It's been two months for me, and I'm still learning how to grow plants...patience is key. Too bad I'm so impatient! :frusty:


----------



## zeone03 (Oct 25, 2006)

I know what you mean. Anyone got a fully planted tank they could ship to me without splashing any water out  Oh wait no, that would take all the fun out of creating it myself.


----------



## AMP (Nov 11, 2006)

I have to be doing something wrong here, I made the mad scientists brew a day ago, and have yet to see any results, I checked for leaks and Notta. I dumped the entire brew down the drain and started all over again, and got another pack a Fletchmans yeast. expiry date of 2008. did that this morning prior to work, figuring by the time I get home something should be happening, heck 8 hrs and no reaction????

I guess Chemistry is not my cup of yeast LOL I even went as far as sterilization of everything, boiled the water, Diluted the sugar, let it cool to 110 F, then mixed a 1/4 up of 105 F water with a 1/4 tsp of yeast , stirred w/fork, let it sit awhile and poured it in. now I am at 12 hrs and I see some bubble forming on the surface nothing to brag about, but we will see in the morning,

Any Mad scientists got some more mad suggestions?
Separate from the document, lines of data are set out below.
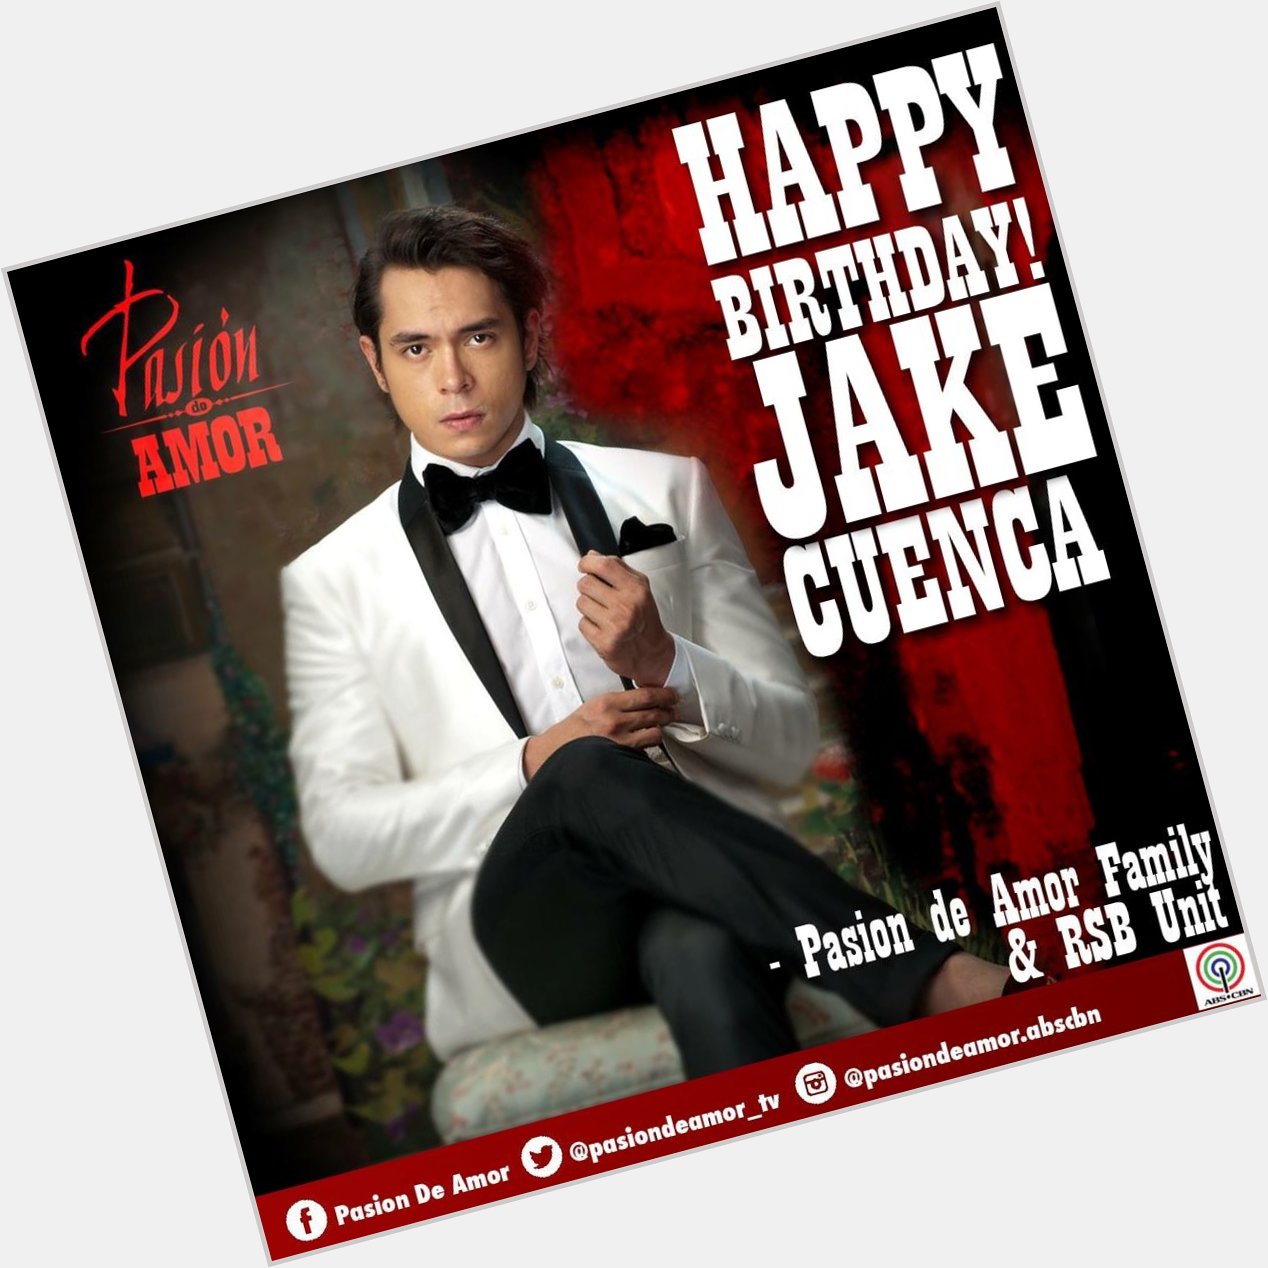 Maligayang Pagbati kay Jake Cuenca! Happy Birthday from your Pasion de Amor Family and RSB Unit! 
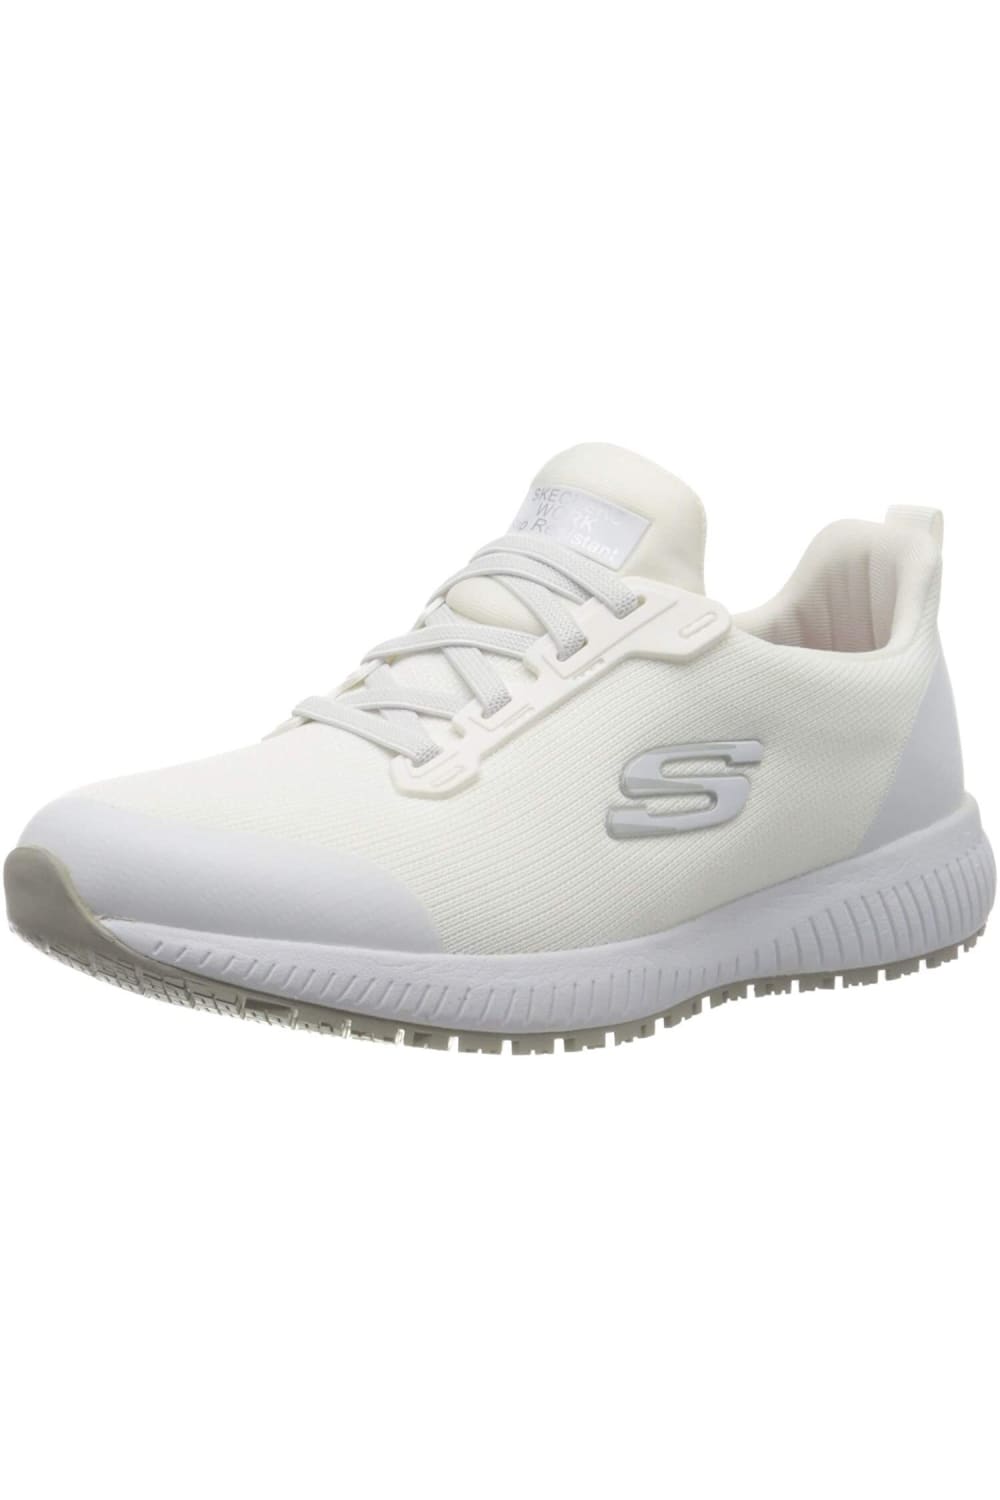 Womens/Ladies Safety Shoes - White
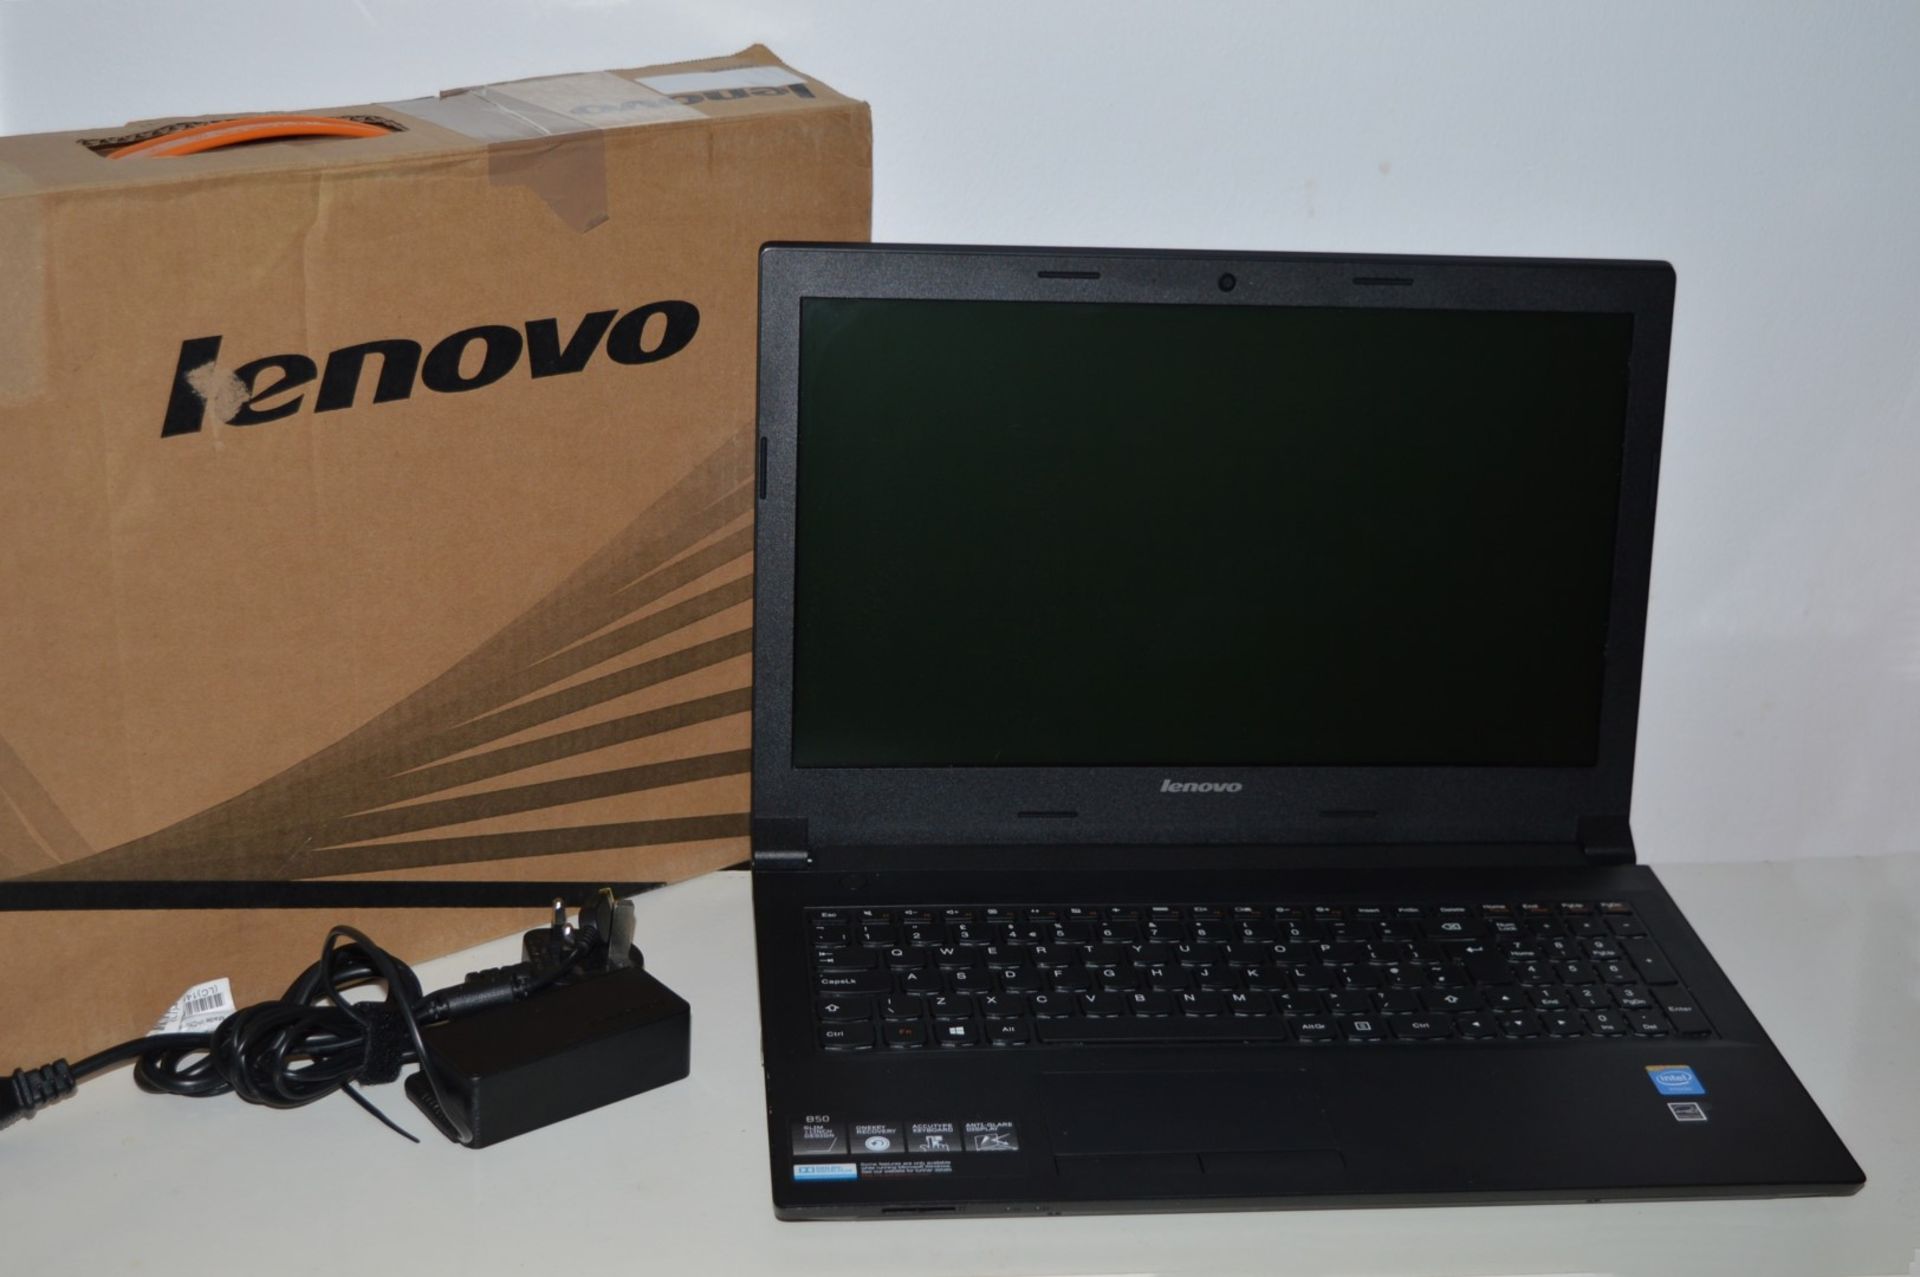 1 x Lenovo B50 Laptop Computer - Features an Intel N2840 2.16ghz Dual Core Proceossor, 4gb Ram, - Image 2 of 11
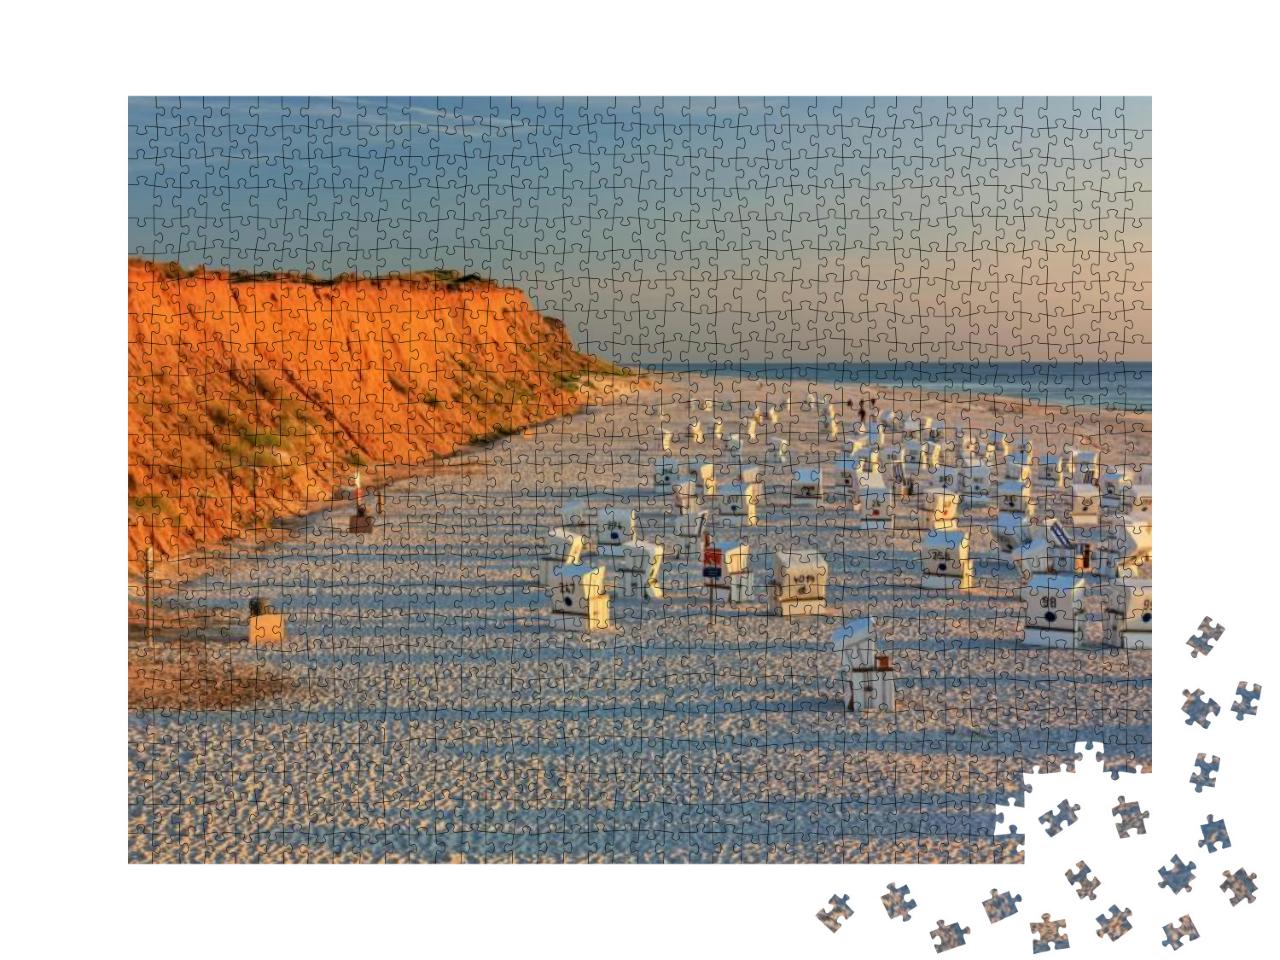 Beach with Strandkorbs Beach Basket Chairs At the Red Cli... Jigsaw Puzzle with 1000 pieces
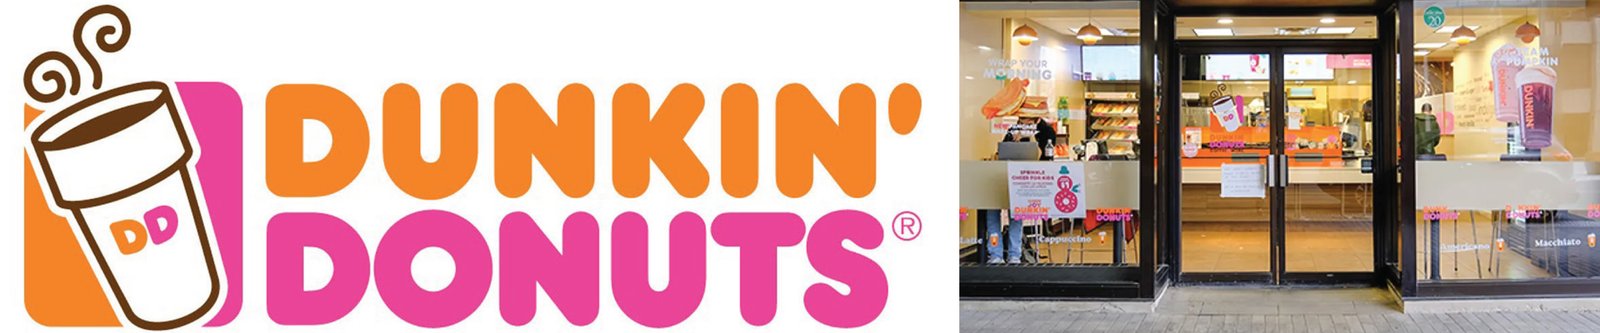 dunkin donuts franchise
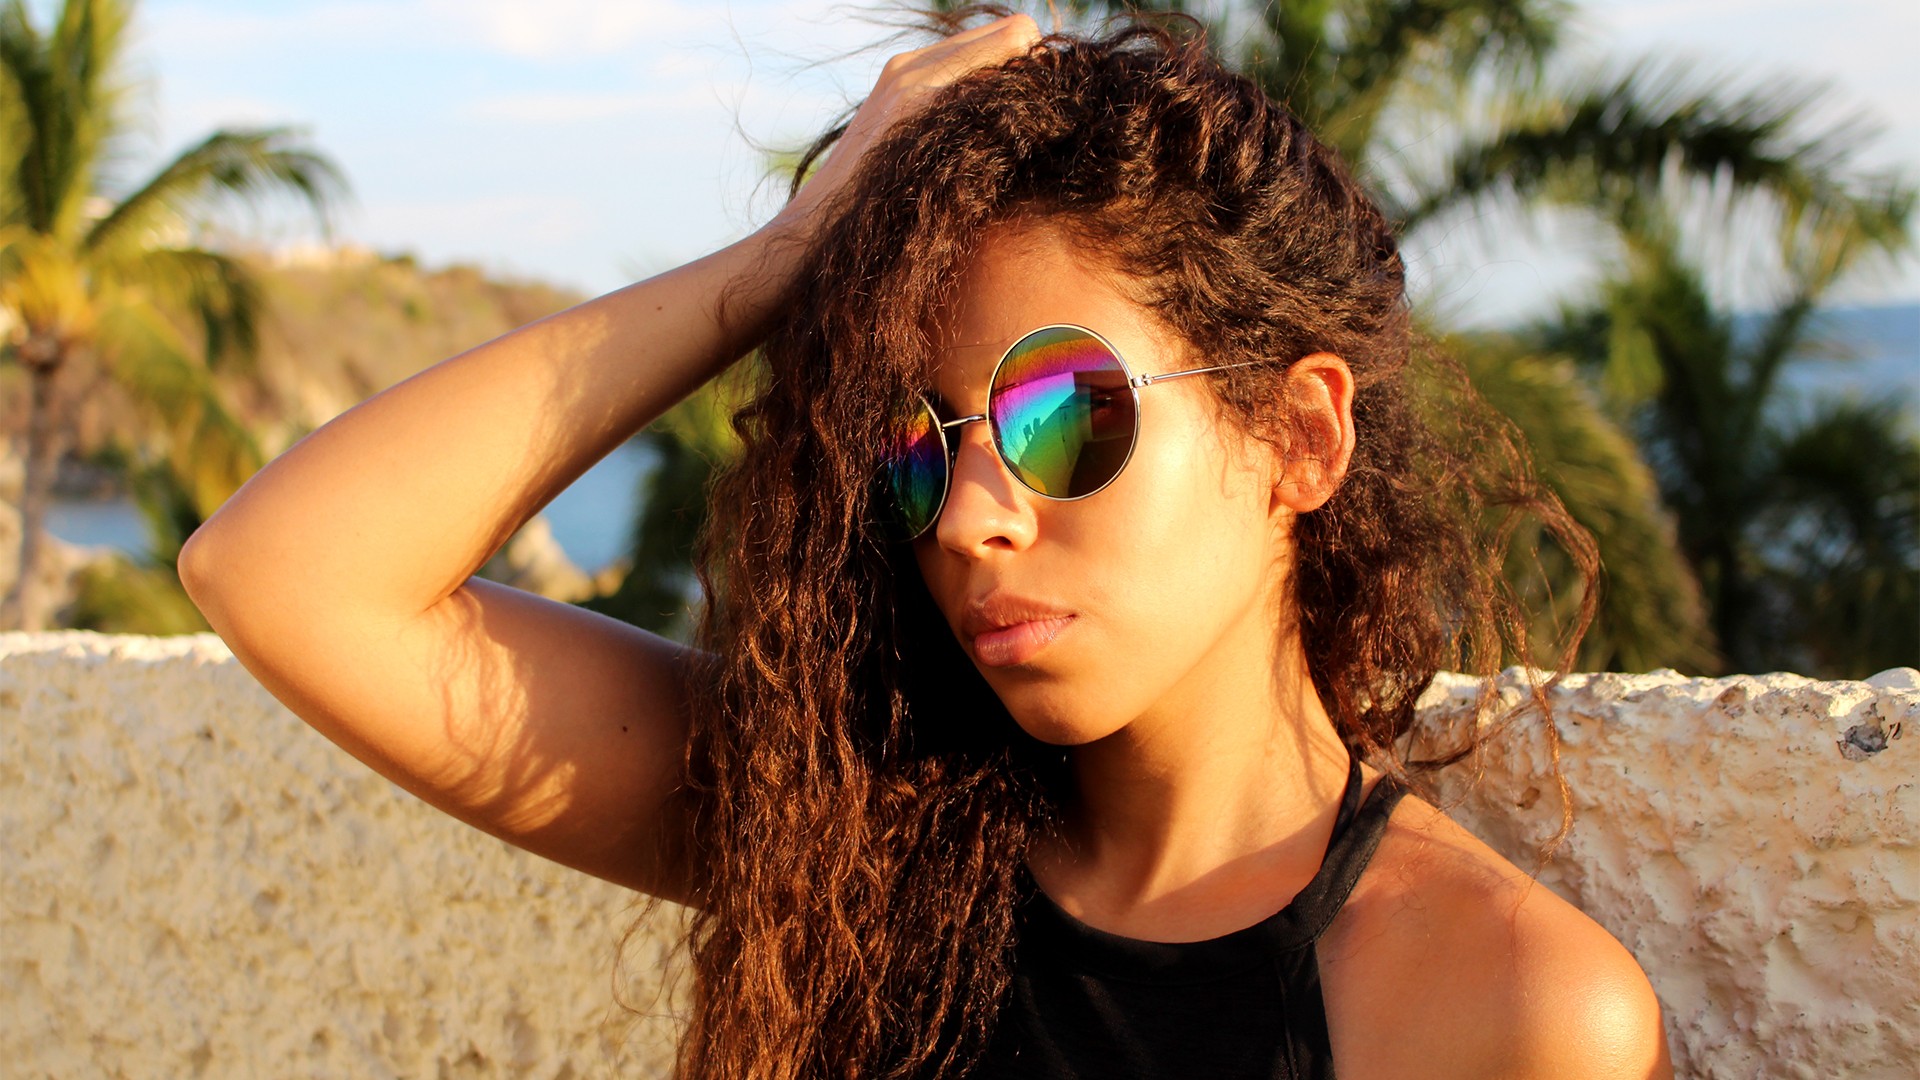 Chia Habte African Women Curly Hair Brunette Looking Away Women With Glasses Long Hair Outdoors 1920x1080

This the plants are growing with my orbit, but not as fast as my friend the Algae Monster


----------



## epicfish (Sep 11, 2006)

How much sugar did you use? I think it's ~2 cups of sugar, 1/4 tsp yeast, and enough water to fill it to the top. Try 1/4 tsp of baking soda too.

Mine is already producing bubbles, and I did it about 3 hours ago.


----------



## AMP (Nov 11, 2006)

epicfish said:


> How much sugar did you use? I think it's ~2 cups of sugar, 1/4 tsp yeast, and enough water to fill it to the top. Try 1/4 tsp of baking soda too.
> 
> Mine is already producing bubbles, and I did it about 3 hours ago.


2 cups sugar 2 cups water, did not try the Baking soda, guess I have to dump the solution and start over? or top off what I have in there already?


----------



## AMP (Nov 11, 2006)

I topped off the water, interestingly enough,I got some bubbles going in the gas separator, 1 bubble/sec. stir the bottles and i get 3 to 4/sec. Makes me believe it is bad yeast or the temp is to cool for the reaction to take place consistently.


----------



## Mud Pie Mama (Jul 30, 2006)

The room temps have ALOT to do with how productive and steady a DIY mixture produces the bubbles. I had problems in the winter months. I found that Champagne yeast (purchased at a Home Brewing Beer store) worked much, MUCH, better especially at cooler temperatures; it also lasted far longer. The small packs ran about $1 each but well worth the extra cost.

One other thing, I never filled my jugs all the way to the top but would leave 2 - 3" of air space. Also, be sure the cap is on tight and there is no leak where your tubing enters the cap. Even in the warmer months a new mixture usually took 12 - 24hrs to really swing into action.


----------



## AMP (Nov 11, 2006)

Mud Pie Mama said:


> The room temps have ALOT to do with how productive and steady a DIY mixture produces the bubbles. I had problems in the winter months. I found that Champagne yeast (purchased at a Home Brewing Beer store) worked much, MUCH, better especially at cooler temperatures; it also lasted far longer. The small packs ran about $1 each but well worth the extra cost.


My Tank Room is at 78 F the DIY Generator actually is up off the floor on a corner stand that hold my TV, next to the tank, when there's nothing on the boob tube, watch the Fish 

One would figure now at 18hrs and counting I would have more than One buble every 4 seconds, got to be bad yeast


----------



## epicfish (Sep 11, 2006)

Try to let the yeast settle, dump out about a cup of water, and then add very warm water. See if it helps


----------



## AMP (Nov 11, 2006)

I was watching the reaction fairly constantly Last evening. I started to see 1 bubble/1.5 to 2 seconds, then 1/sec. It started to increase as the early evening wore on. maxed at 4 bubbles/sec.

Anyway I did the soapy water trick, at 4/sec one would think the gas would push into the power reactor. Nope, I had a leaker in the safety Tee, got rid of it, and Bang A very fine mist started to come out in the reactor, Boy was I happy  

When The Tank Lights come on I will post a Picture of how fine the mist is in the reactor. Happy Thanksgiving to all, and Thank you for posting so many wonderful Ideas and helpful articles....


----------



## AMP (Nov 11, 2006)

Was tickled so much by what was transpiring I thought I would Share a 20 second AVI of it, which can be found here Video of Reactor in action - Photobucket - Video and Image Hosting


----------